Степан Злобин - Пропавшие без вести
— Товарищ военврач, вставайте! Ехать пора. Товарищ майор приказал вам скорее в штаб — и немедленно на аэродром!
В голосе Полянкина Михаилу послышалась какая-то тревога. Но кто же его знает, может, его опять разбудили в машине…
Наскоро подхватив вещмешок и чемодан, Варакин вышел. В доме, возле которого остановилась машина, какой-то сухой, деловитый майор торопливо выдал ему документ, разрешавший полет.
— Счастливый вы человек, товарищ военврач! — сказал он, — Желаю вам долететь без задержек. Вам надо спешить, — добавил он.
— А где же майор Бурнин? Я хотел бы проститься.
— Не ждите, не ждите, Анатолий Корнилыч не скоро освободится, — сказал майор. — Впрочем, постойте. — Майор вызвал кого-то по телефону. — Двенадцатый здесь? — спросил он. — На минутку к трубке… Корнилыч! — сказал он спустя секунду. — Тут доктор бумагу свою у меня получил, хотел бы с тобой проститься… К телефону?.. Даю.

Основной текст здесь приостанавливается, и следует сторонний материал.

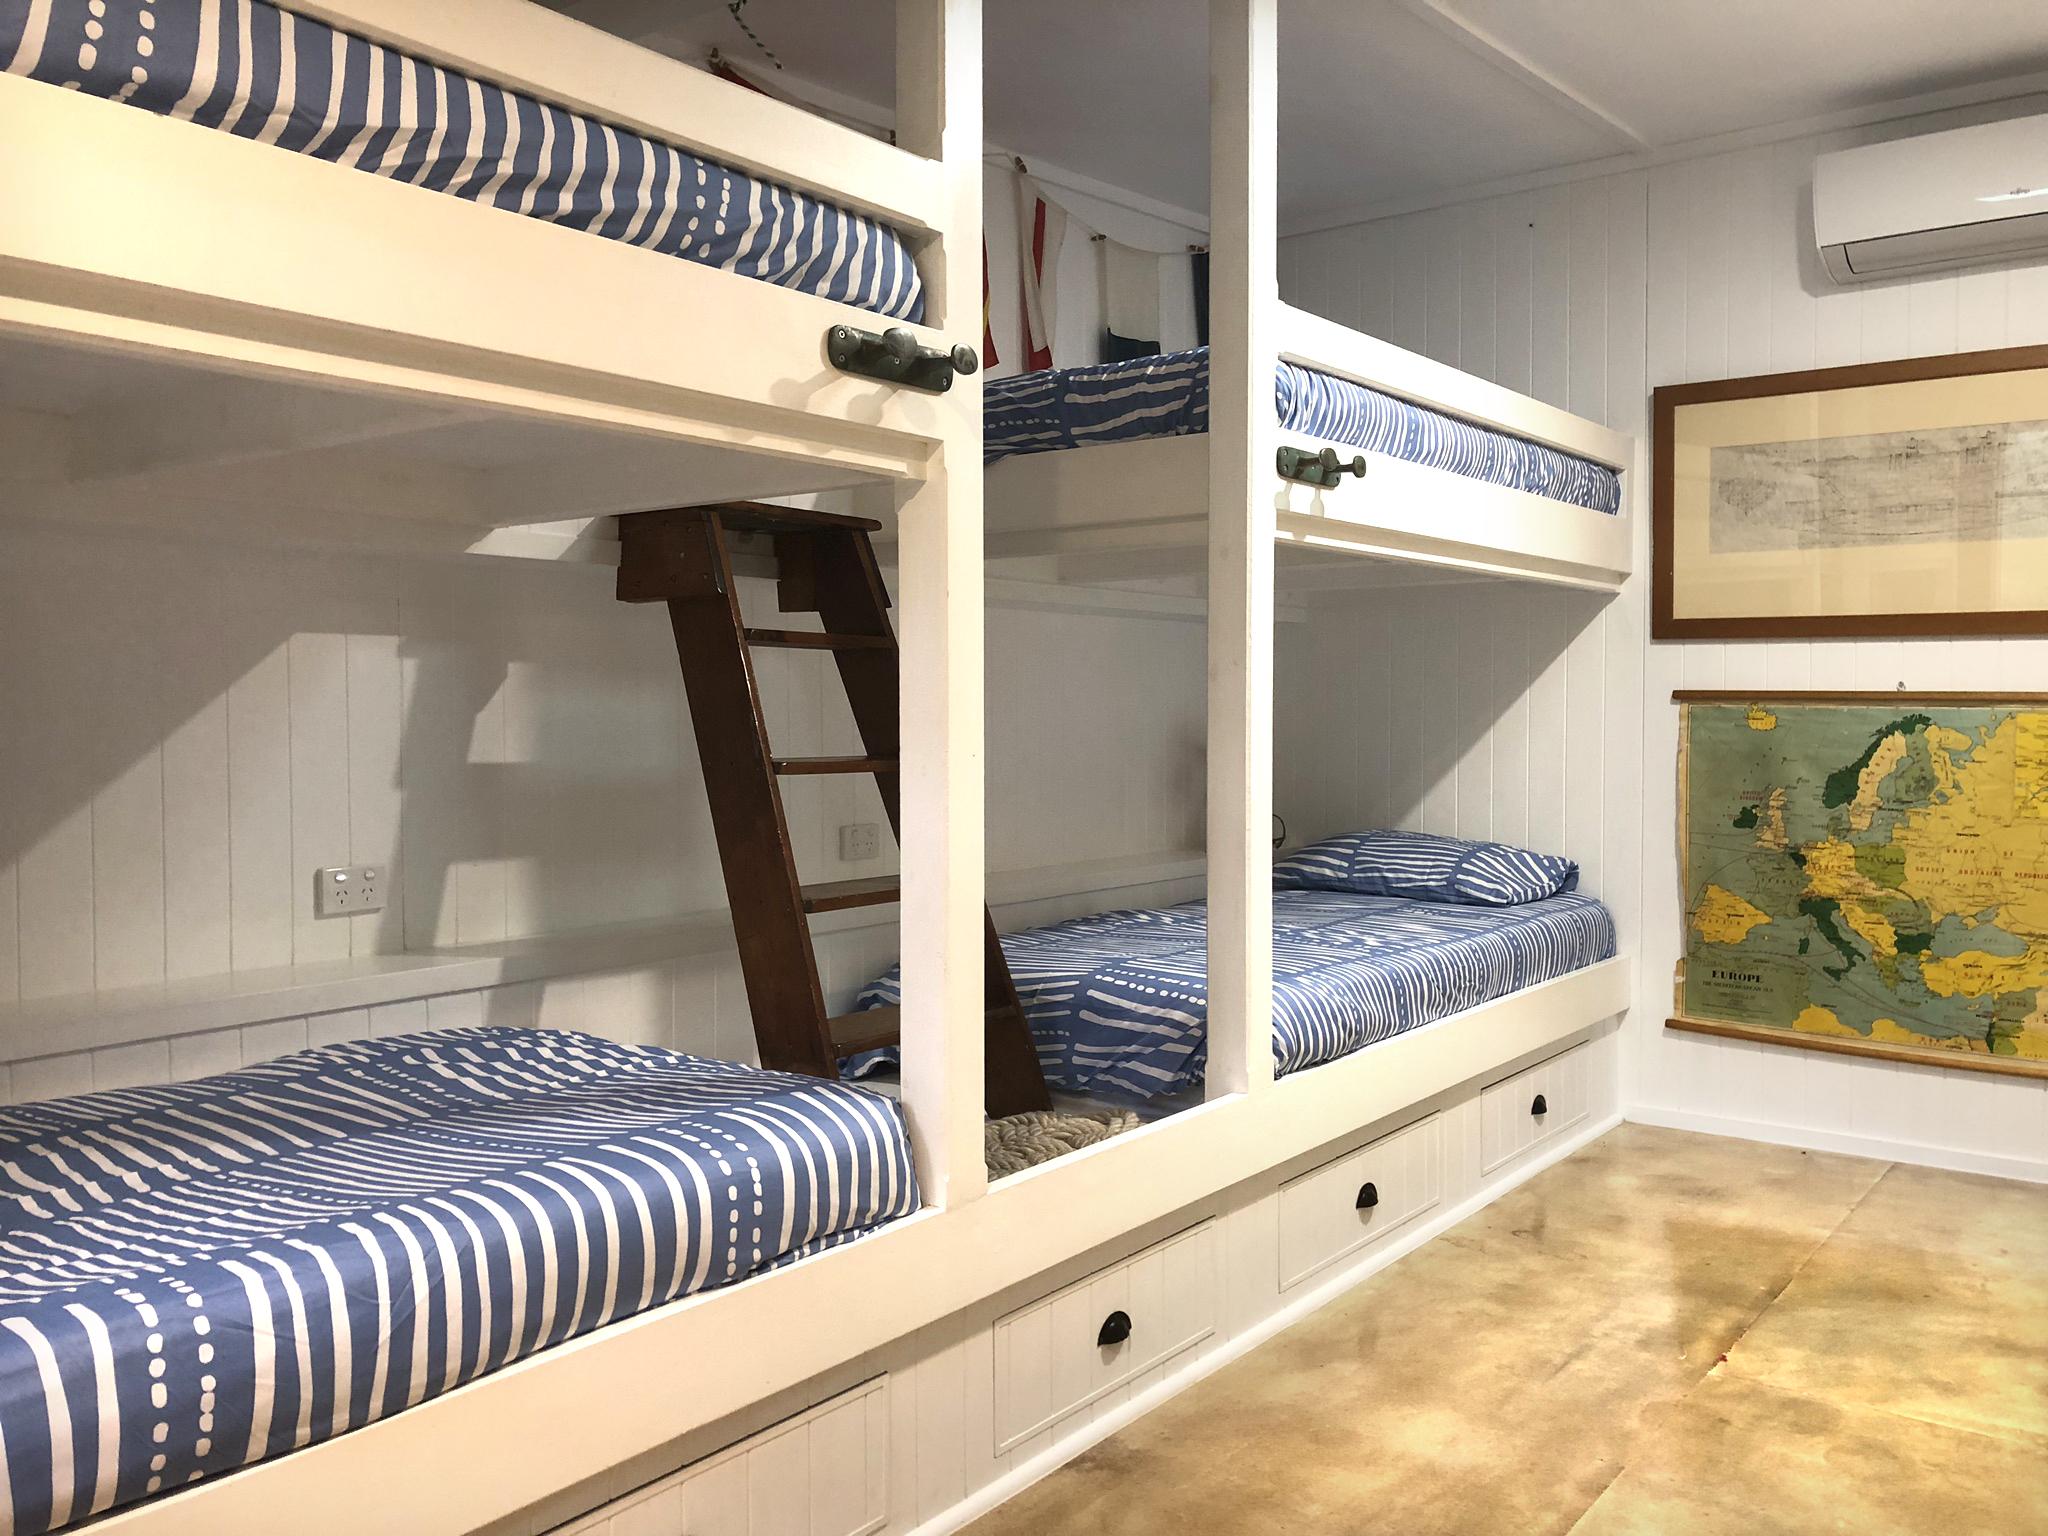 bunkbeds.jpg

Кивком головы майор подозвал Варакина и вручил ему трубку.
— Миша, слышишь меня? Я выйти к тебе не сумею, — сказал Бурнин. — Поезжай, а то опоздаешь… По дороге противогаз держи наготове, — почему-то добавил он. — Счастливо! Татьяне Ильиничне лучшие пожелания!
И хотя Варакин, разумеется, понимал, что для прощания с Бурниным и для последнего рукопожатия ему останется две-три минуты во мглистом сумраке ночи, невозможность обменяться этим минутным рукопожатием и обнять Анатолия, с которым, может быть, никогда уже не увидится, в этот миг вдруг ощутилась Варакиным как непоправимая, тягостная потеря.

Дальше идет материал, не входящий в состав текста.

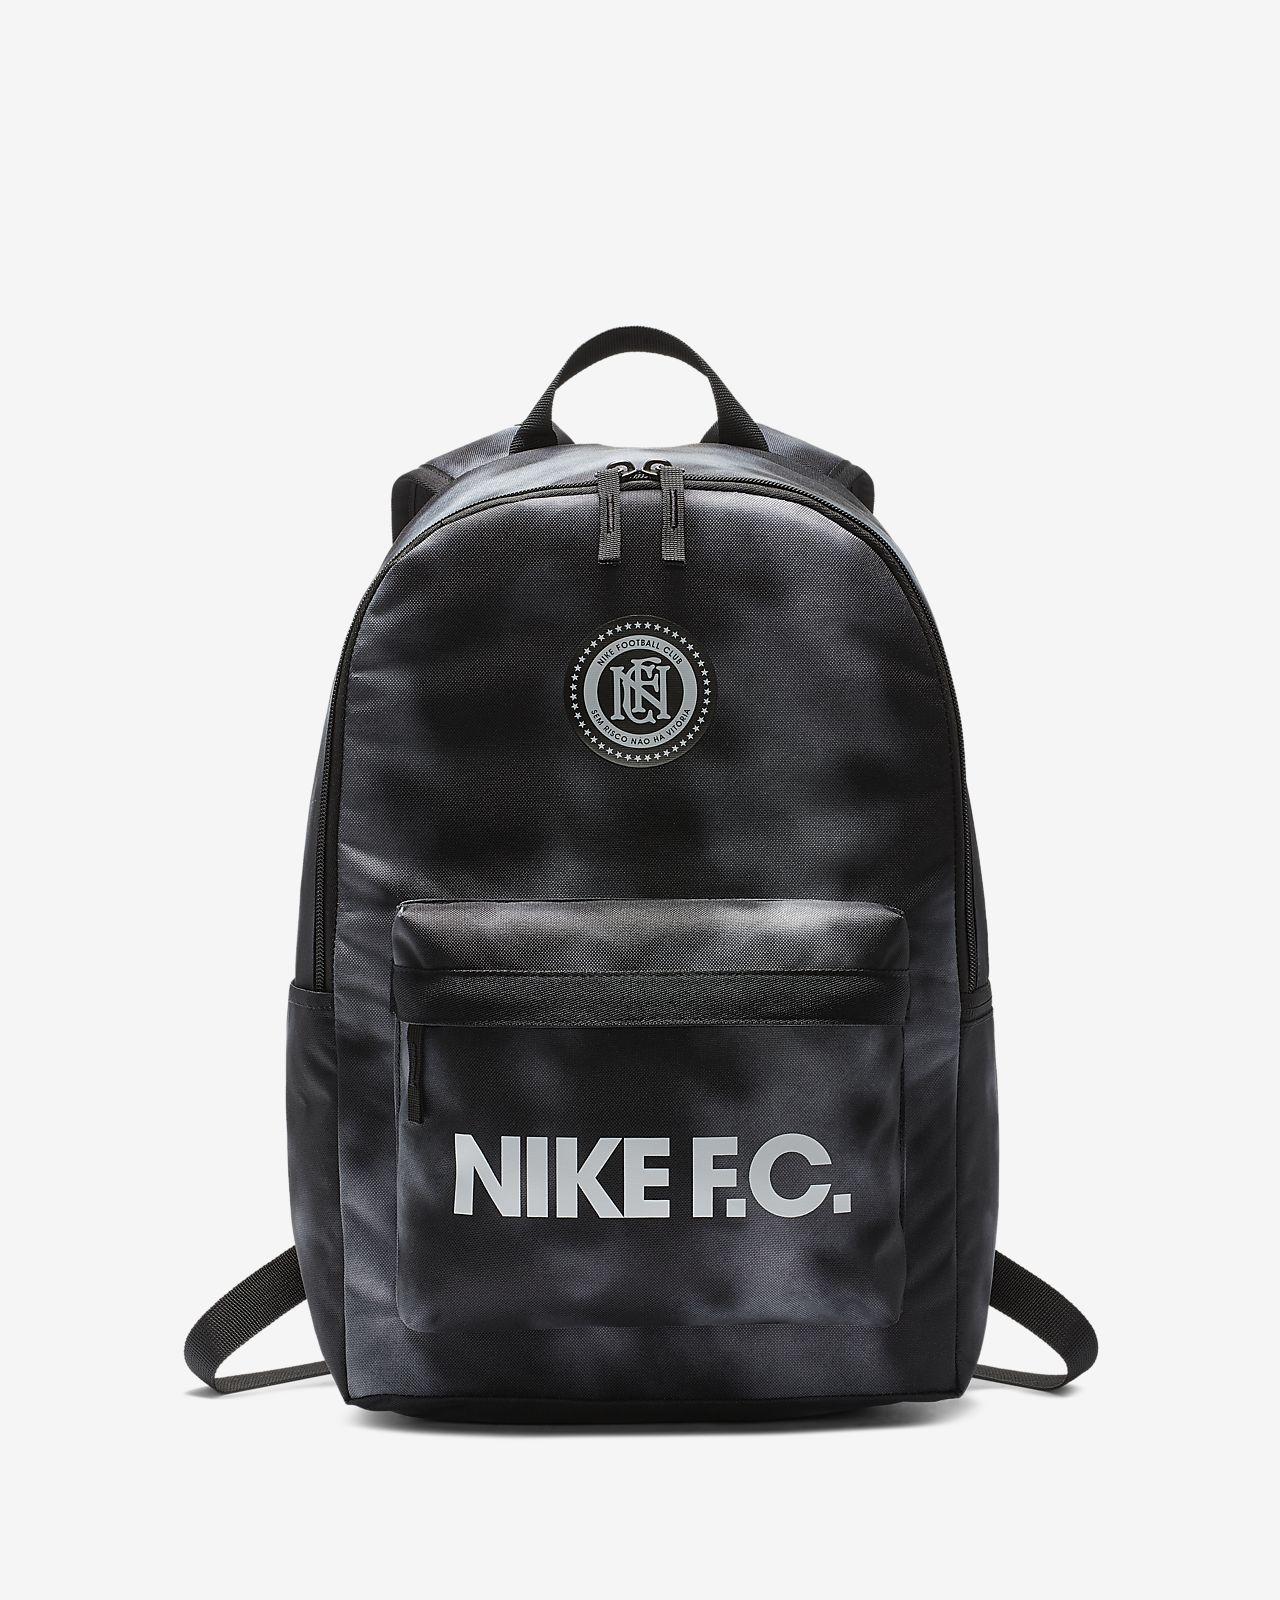 Nike F C Soccer Backpack

— Анатолий! Да неужели же на минуту не можешь?! — почти по-детски, с жалобой произнес Варакин.
— Да что ты, Миша! Если бы мог, неужели ты думаешь… — Бурнин не закончил фразу. — Ну, прощай, торопись!
— До свидания… Спасибо… Может быть, будешь в Москве… — растерянно пробормотал Михаил.
Трубка щелкнула и больше не ответила. Только откуда-то издали раздался по проводу тонкий зовущий девический голосок:
— Я «Ромашка»!.. Алло, алло! «Василек»! Я «Ромашка»… «Василек»! «Василек»! Я «Ромашка»…
— Анатолий!.. — крикнул Варакин.
Подождал еще три-четыре секунды, еще раз услышал, как «Ромашка» настойчиво в темных осенних просторах ищет по проводам «Василька», положил трубку в ящик и крепко пожал на прощание руку штабного майора.
— Едем? — спросил от руля Полянкин. — А товарищ майор не придут проводить?
— Занят, не может. Велел нам спешить.
— Так точно, спешить. Путь не далекий, да очень уж плох!..
Фронт за эти часы «разыгрался». Вдалеке рычал непрерывный грохот, и, как сплошные молнии, на горизонте мерцали яростные разрывы.
— Нынче даю-ут! — проворчал водитель и стронул машину по невидимым колеям утонувшей в ночи дороги.
Возвратясь к себе в штаб, Бурнин доложил о сообщении рекогносцировочной группы. Оказалось, что Острогорову известно даже кое-что большее и потому в район запасного рубежа уже выдвинут для прочесывания местности истребительный батальон.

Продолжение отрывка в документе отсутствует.